**TASK BRIEF**
Word for word, copy out the data below, omitting pictures.

**INPUT DATA**

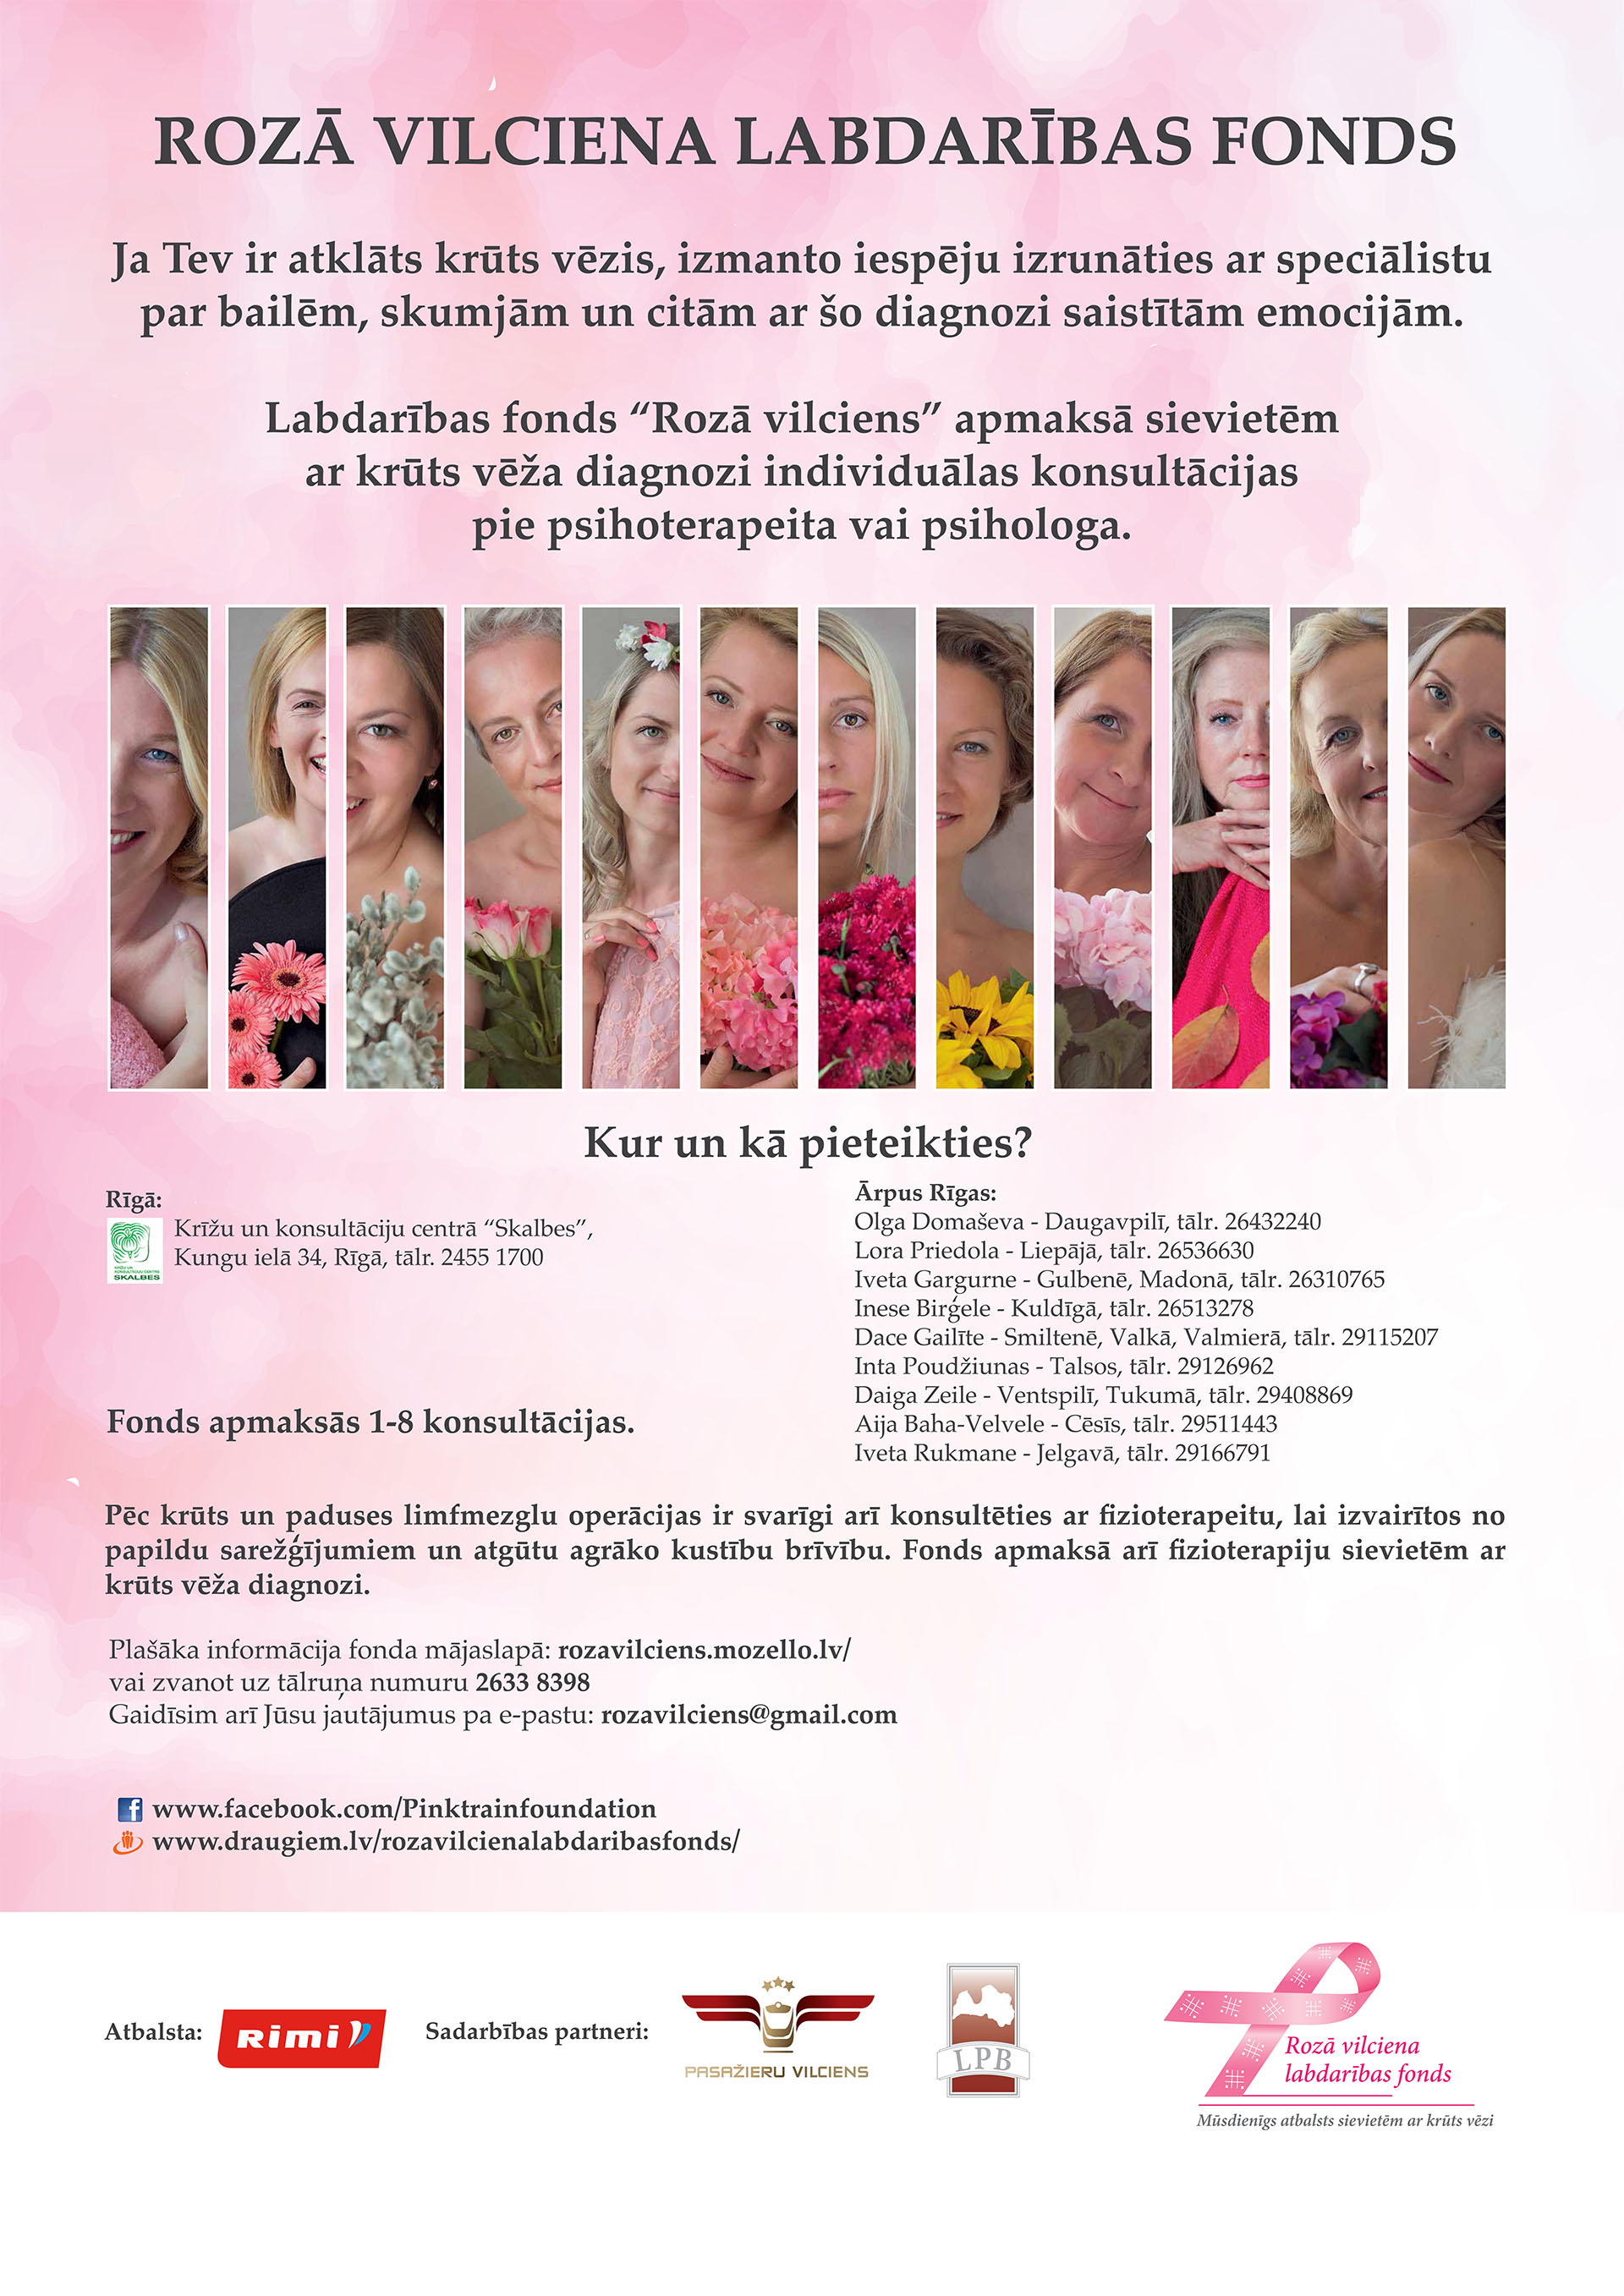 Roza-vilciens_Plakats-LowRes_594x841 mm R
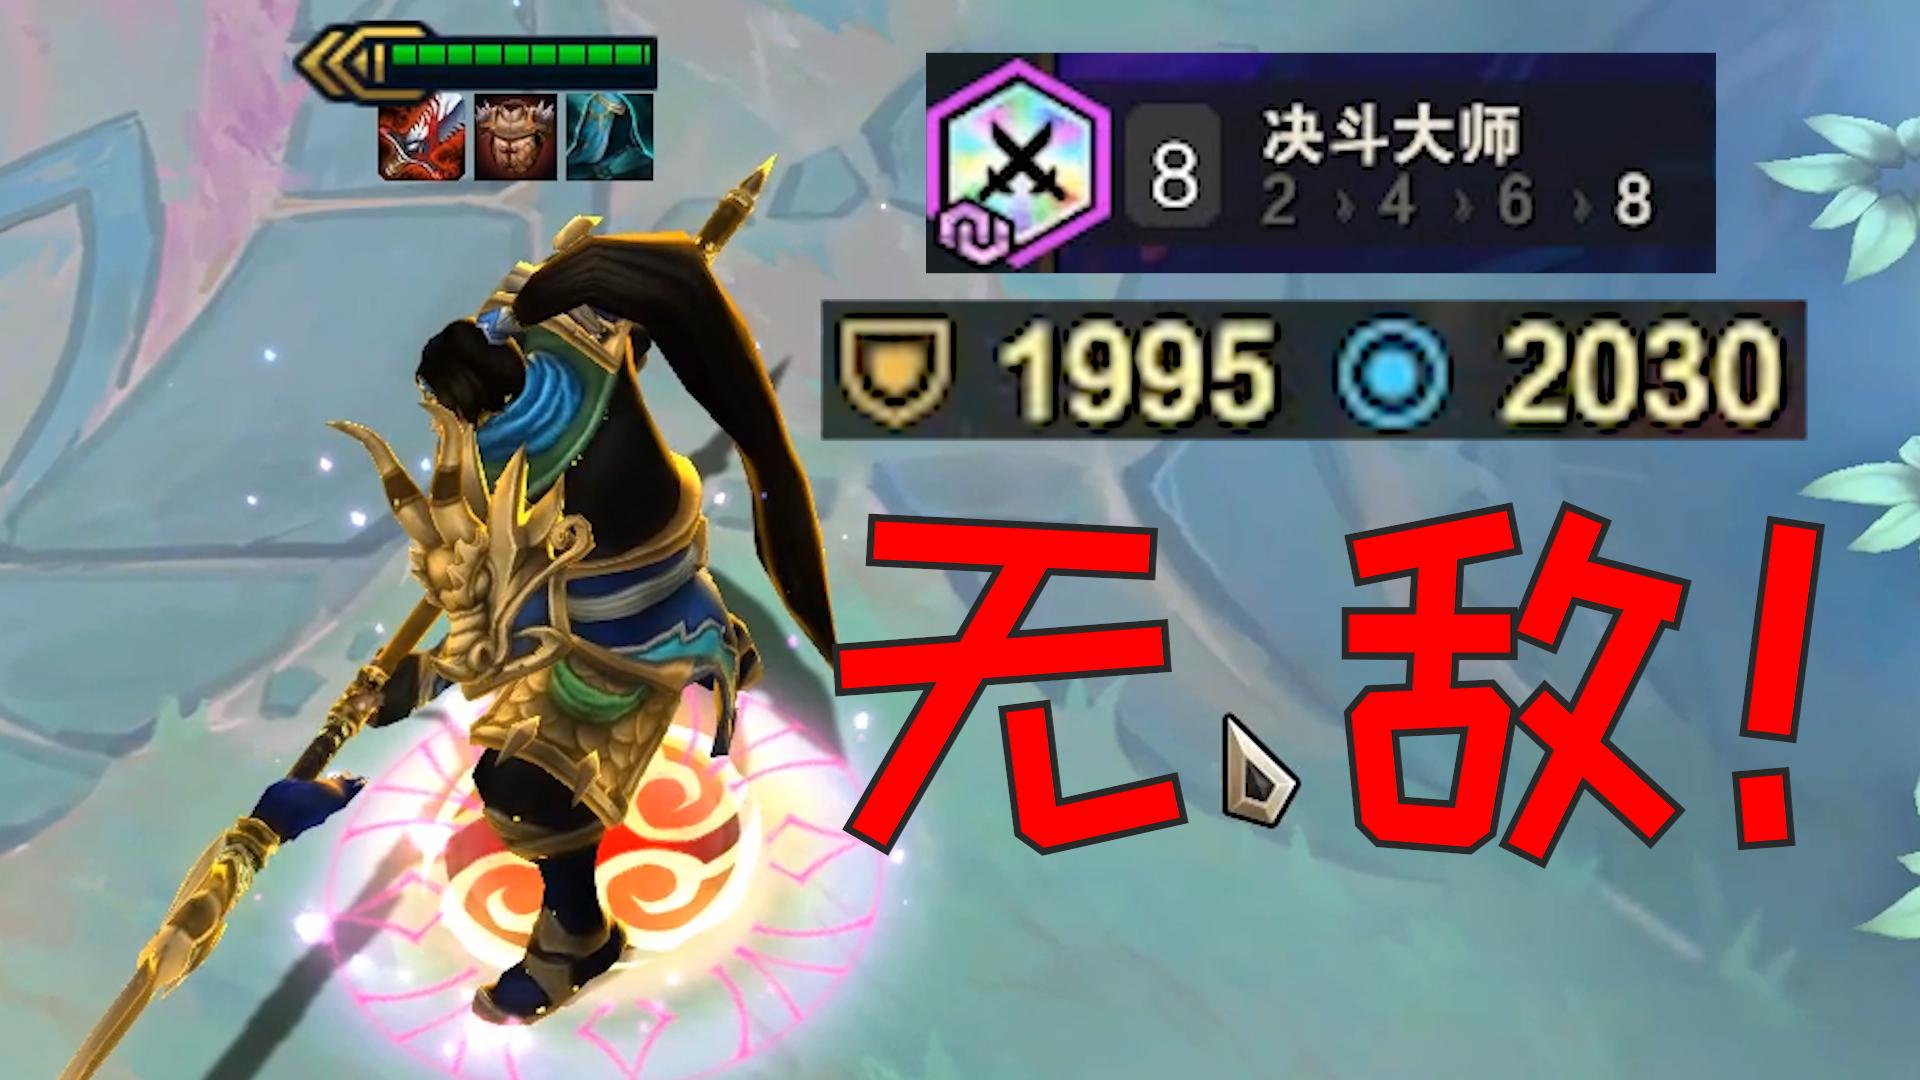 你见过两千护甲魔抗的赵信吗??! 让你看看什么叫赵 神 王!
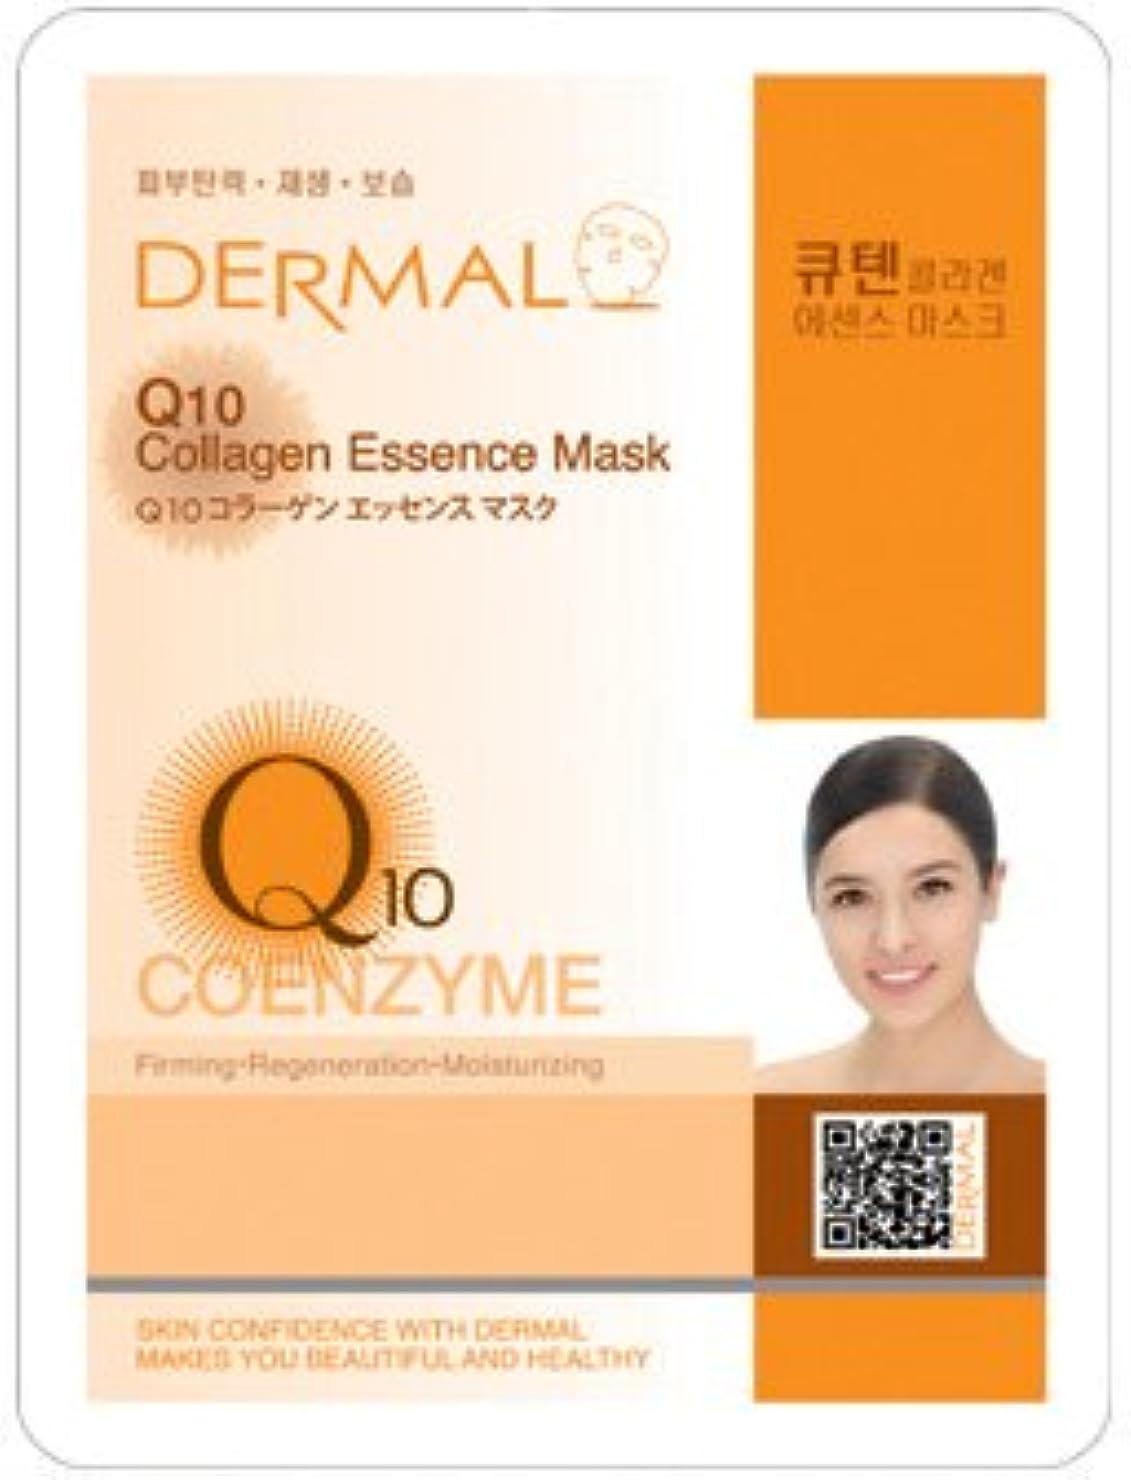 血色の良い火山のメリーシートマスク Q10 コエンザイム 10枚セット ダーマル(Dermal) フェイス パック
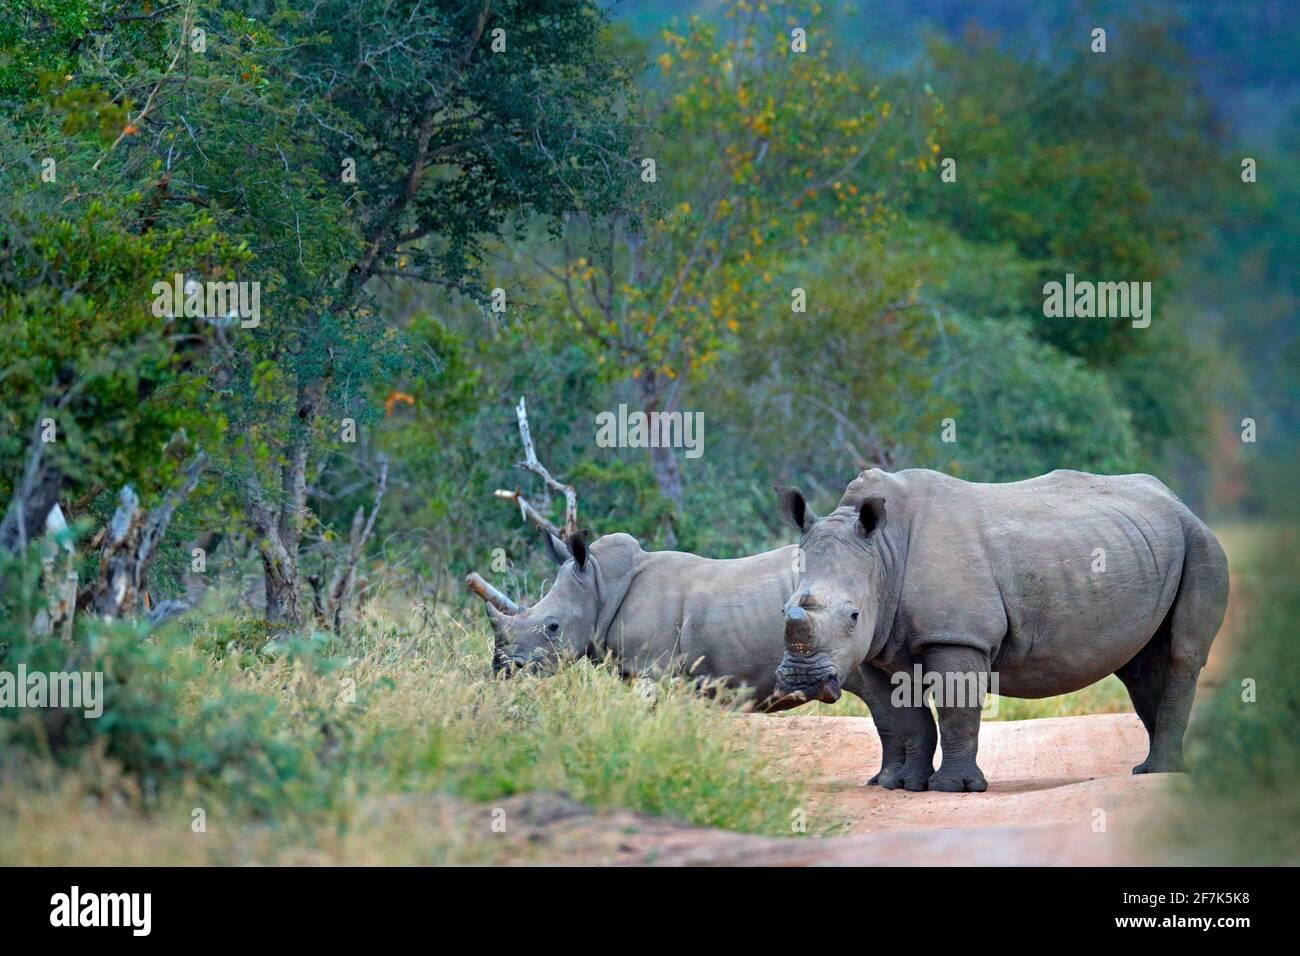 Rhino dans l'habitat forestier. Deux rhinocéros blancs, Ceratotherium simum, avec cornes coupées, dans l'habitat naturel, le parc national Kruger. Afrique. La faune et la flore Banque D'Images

**WRITTEN SOLUTION**
 Roza-vilciens_Plakats-LowRes_594x841 mm R
 你见过两千护甲魔抗的赵信吗??! 让你看看什么叫赵 神 王!
 血色の良い火山のメリーシートマスク Q10 コエンザイム 10枚セット ダーマル(Dermal) フェイス パック
 Rhino dans l'habitat forestier. Deux rhinocéros blancs, Ceratotherium simum, avec cornes coupées, dans l'habitat naturel, le parc national Kruger. Afrique. La faune et la flore Banque D'Images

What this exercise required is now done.